Oh if you were speaking about Unsanity APE, it was designed from the ground so nobody would feel the need of modifying system files for trivial hacks. What happened? Ask the Logitech idiots who shipped awfully outdated version of it which wasn't able to disable itself.
True story: I recently got a new computer and set it up for dual booting Windows/linux. It took me more time and more restarts to get Windows working normally even though the computer actually came with windows preinstalled and i had to instal linux from scratch.
Apple no longer sells DRMed AACs. AACs you rip yourself have never had DRM.
I've had it for a week or two now. Just installed it on bare metal yesterday (as opposed to a VM).
Apparently MSDN Academic Alliance gets it just as early.
My biggest issue is: eight gigs? Really?
Other than that, it does seem to be an improvement over XP, so far. And fresh installs are almost always better than upgrades.
Don't thank God, thank a doctor!
If they opened up the iPod communication protocols, none of this would be an issue.

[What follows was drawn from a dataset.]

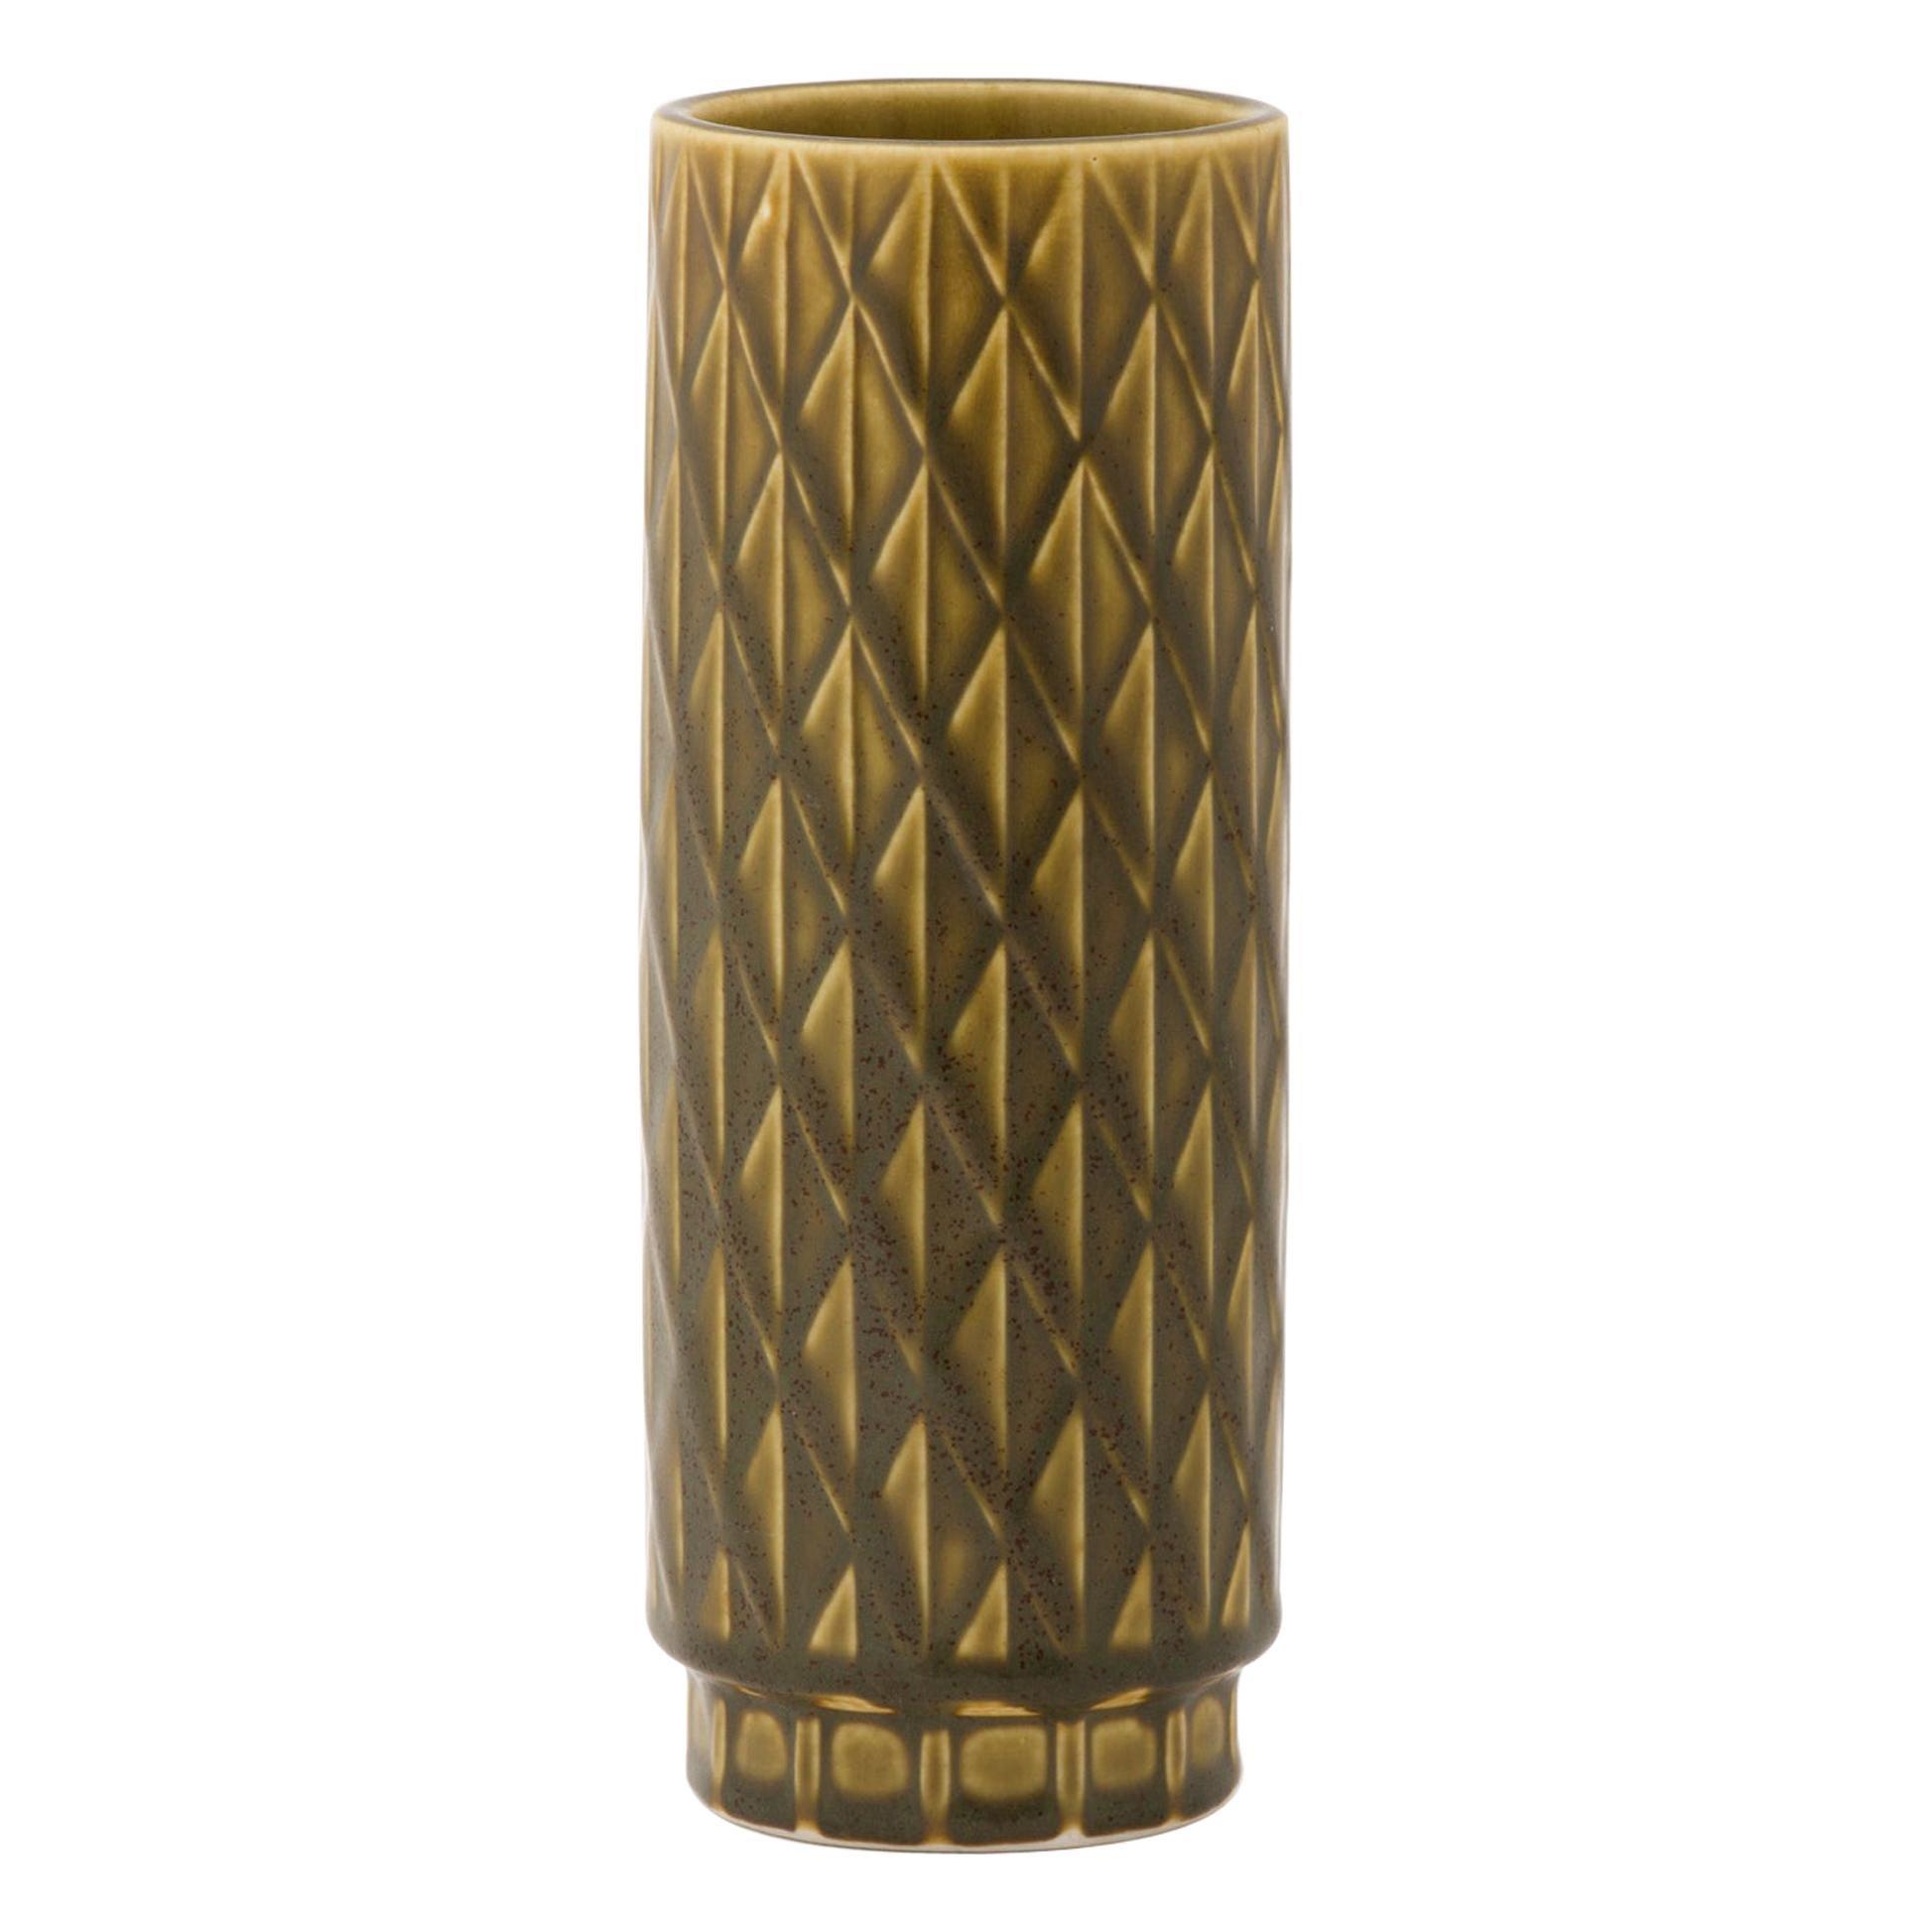 Gunnar Nylund Ceramic Vase for Rörstrand, Sweden, 1960s

They could Mac up the Windows port of iTunes to their heart's content and it wouldn't matter, if people had the option to just choose something else.
I never had this problem on my GNU/Linux system. Nor have I ever heard anyone about this issue on Mac OSX.
Try upgrading a Ubuntu 8.04 install to 9.04 or 9.10 on a Fujitsu S7110 laptop. Forget about pretty compbiz fireworks, wireless networking, and external monitor support without driver headaches post upgrade. I'm cool with it though. It's hard to expect more than MS is capable of doing on a $400 platform when linux is free...
As for MacOS. Snow leopard is notorious for problems with upgrades and costs at least as much as Windows when you consider the hardware premium. My boss (6 month old macbook pro) AND a friend of mine (1 year old macbook) ran into the "bricking" problem after upgrading to snow leopard(there is mention in this article):
http://www.pcworld.com/article/171129/snow_leopard_users_4_biggest_gripes.html
What I really don't like is how Apple will never never never ever ever admit that a problem exists, instead they insist that users are installing "unsupported software" or running with "corrupted files" blah blah blah. My roommate loves Apple and argues with me about this sometimes but I just think of Apple like any other PC/OS vendor, I'm not trying to pick on them (or any other vendor) they just aren't as good as a fanboys and "geniuses" will tell you (like any vendor's fanboys and sales people). And interestingly my roommate has yet to attempt the upgrade on his 1 1/2 year old macbook pro...
It's not iTunes that does this. iTunes licensed Gear's ASPI drivers for burning support within Windows. The Gear drivers are Microsoft XP and Vista signed drivers that strictly adhere to Microsoft's rules. On a clean install of XP or Vista, iTunes and the Gear ASPI drivers work 100% of the time. However, many other programs that implement CD-burning without signed drivers can cause the Gear ASPI drivers to break.
If you try to install iTunes 6 on Vista, Vista whines. If you try to use Netscape 4, the internet doesn't work. This is the same fucking thing. Any version of the Google Toolbar or iTunes >7 works fine on Windows 7. If people can't be bothered to update their software, I don't see how this is a strike against Windows. When you upgrade kernels in Linux you get notified that some software won't work properly. What's the difference? It's not just Google/Apple/Linux apps that get a "this app isn't gonna work dude" warning. I was warned about SMAC, Pharaoh, Fallout 1 and 2 and Civ 4 when I upgraded. Are Firaxis, Sierra, Interplay/Black Isle and 2K Games in direct competition with MS? Fuck off. This headline and the entire gist of the article is just as much baseless FUD as the anti-Linux horse shit that MS puts out.